### SUPPLIED INFORMATION
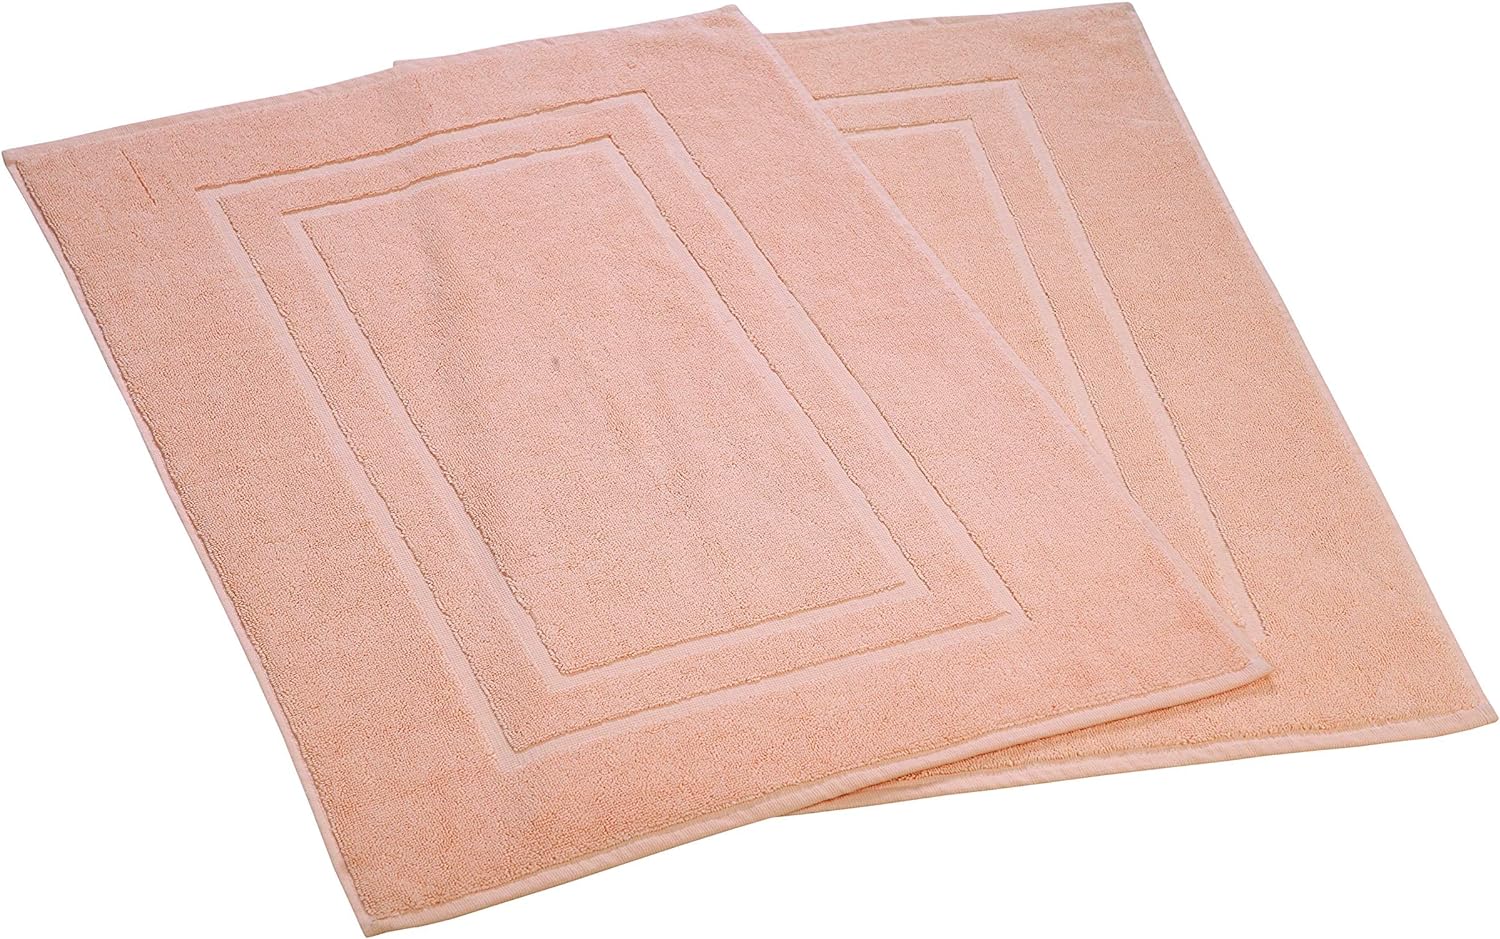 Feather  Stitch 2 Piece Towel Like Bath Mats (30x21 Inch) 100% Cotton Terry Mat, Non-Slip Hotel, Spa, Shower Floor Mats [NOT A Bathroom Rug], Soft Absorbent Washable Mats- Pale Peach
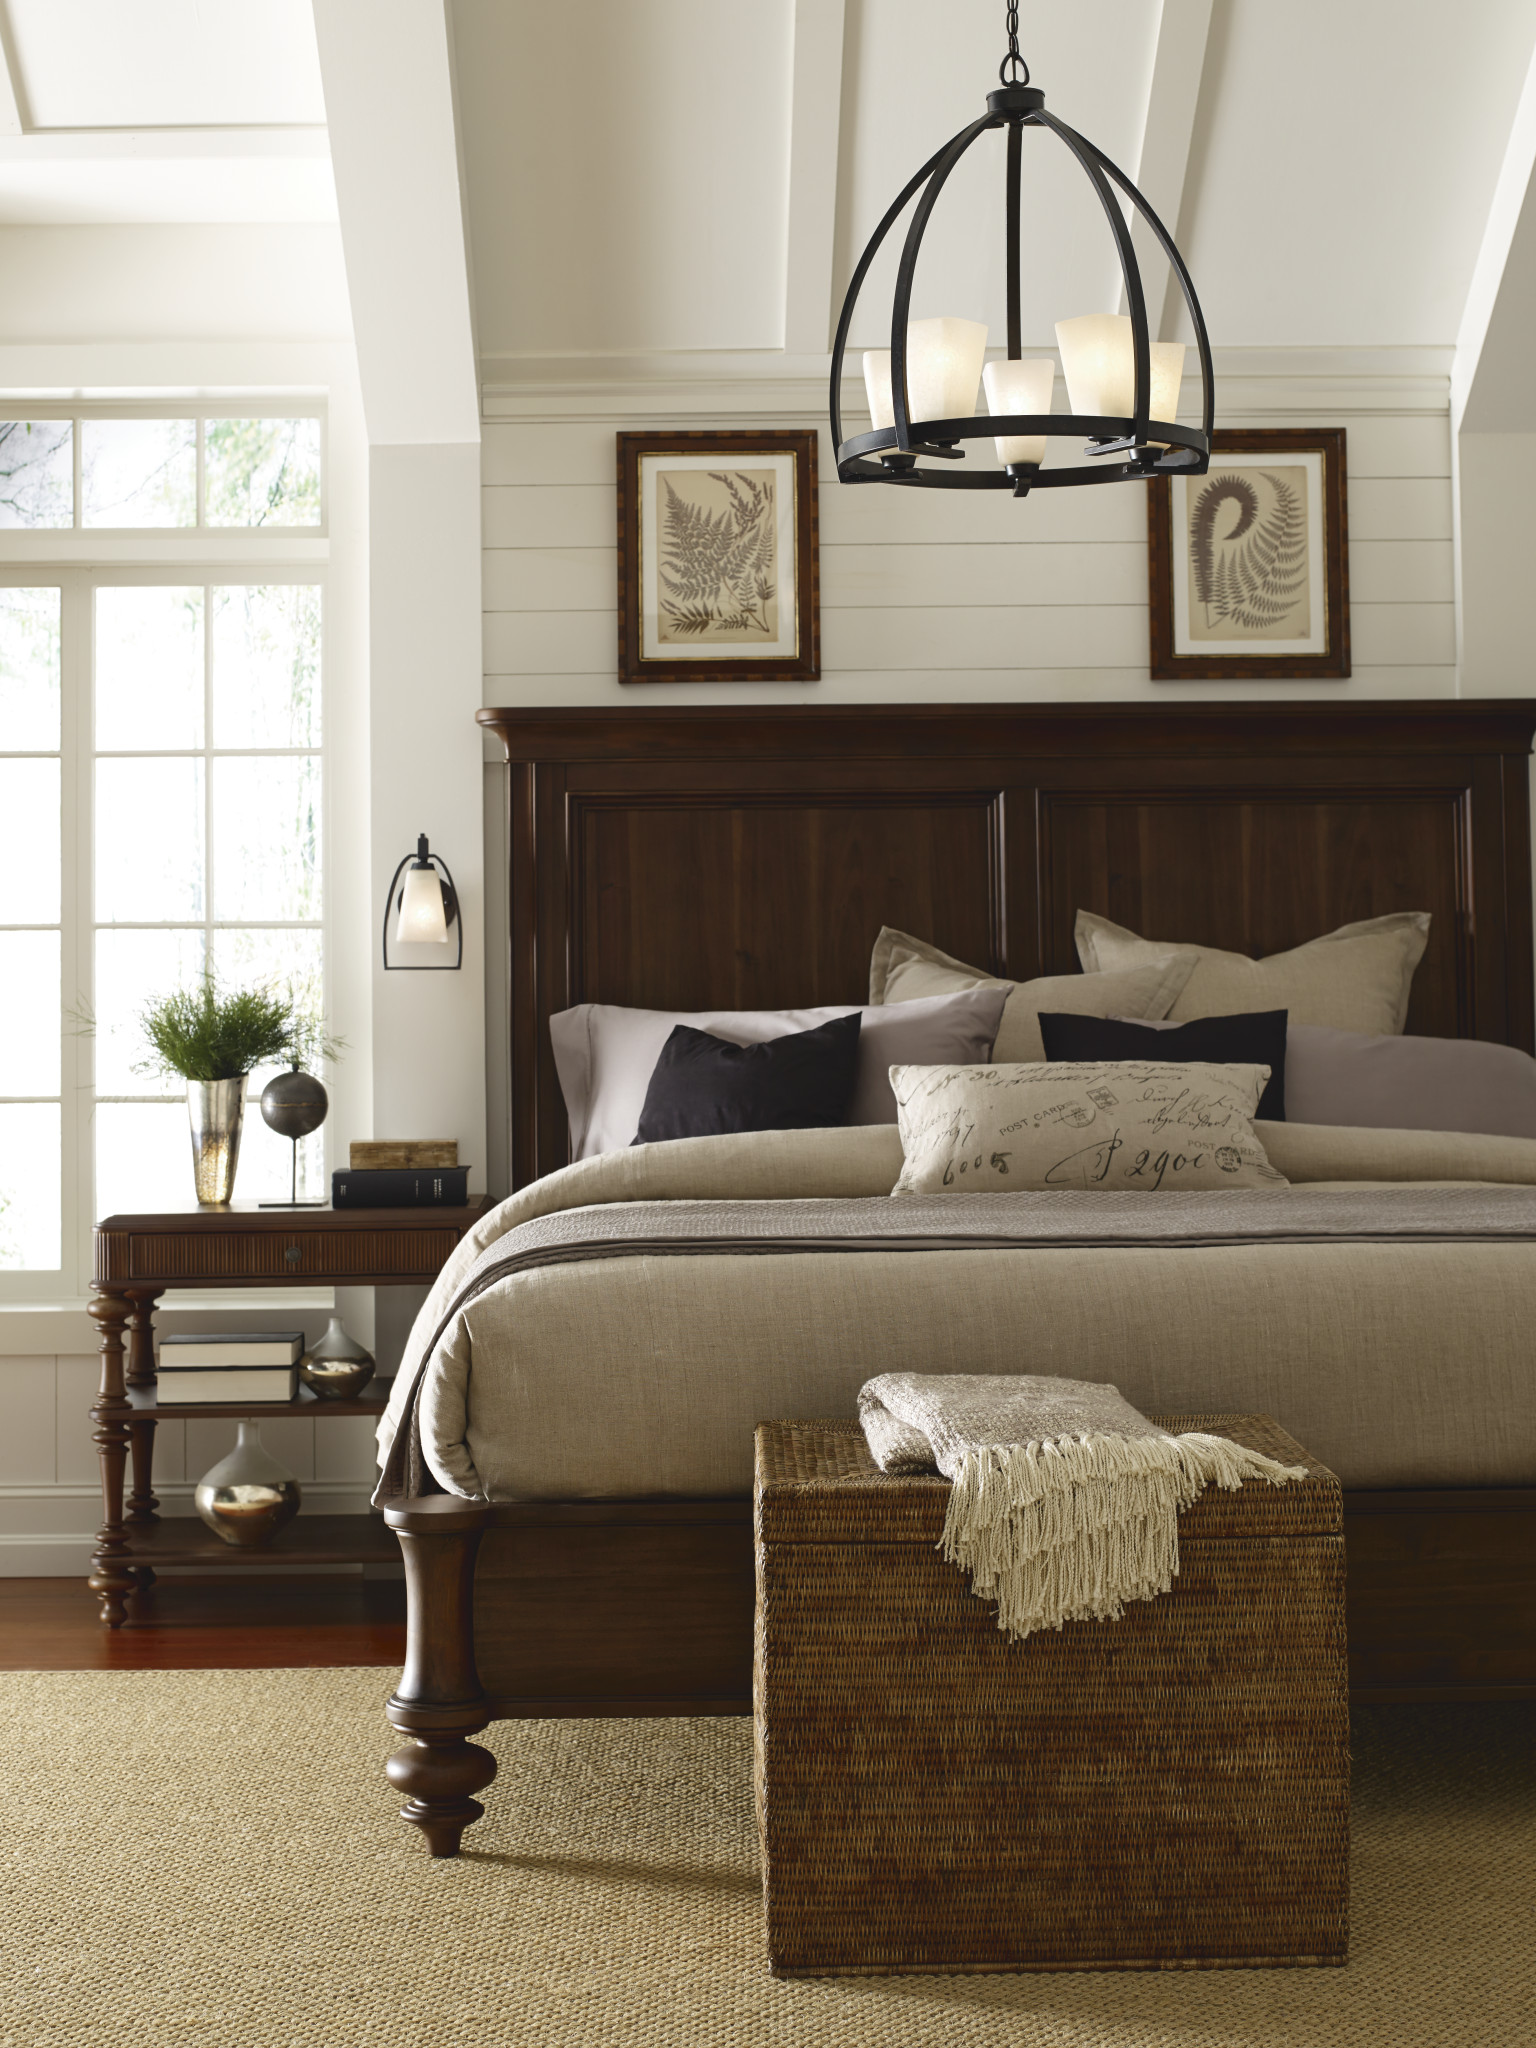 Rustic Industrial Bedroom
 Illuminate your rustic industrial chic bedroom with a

### PROBLEM STATEMENT
Retype the listing exactly and drop the pictures.

### YOUR SOLUTION
 Feather  Stitch 2 Piece Towel Like Bath Mats (30x21 Inch) 100% Cotton Terry Mat, Non-Slip Hotel, Spa, Shower Floor Mats [NOT A Bathroom Rug], Soft Absorbent Washable Mats- Pale Peach
 Rustic Industrial Bedroom
 Illuminate your rustic industrial chic bedroom with a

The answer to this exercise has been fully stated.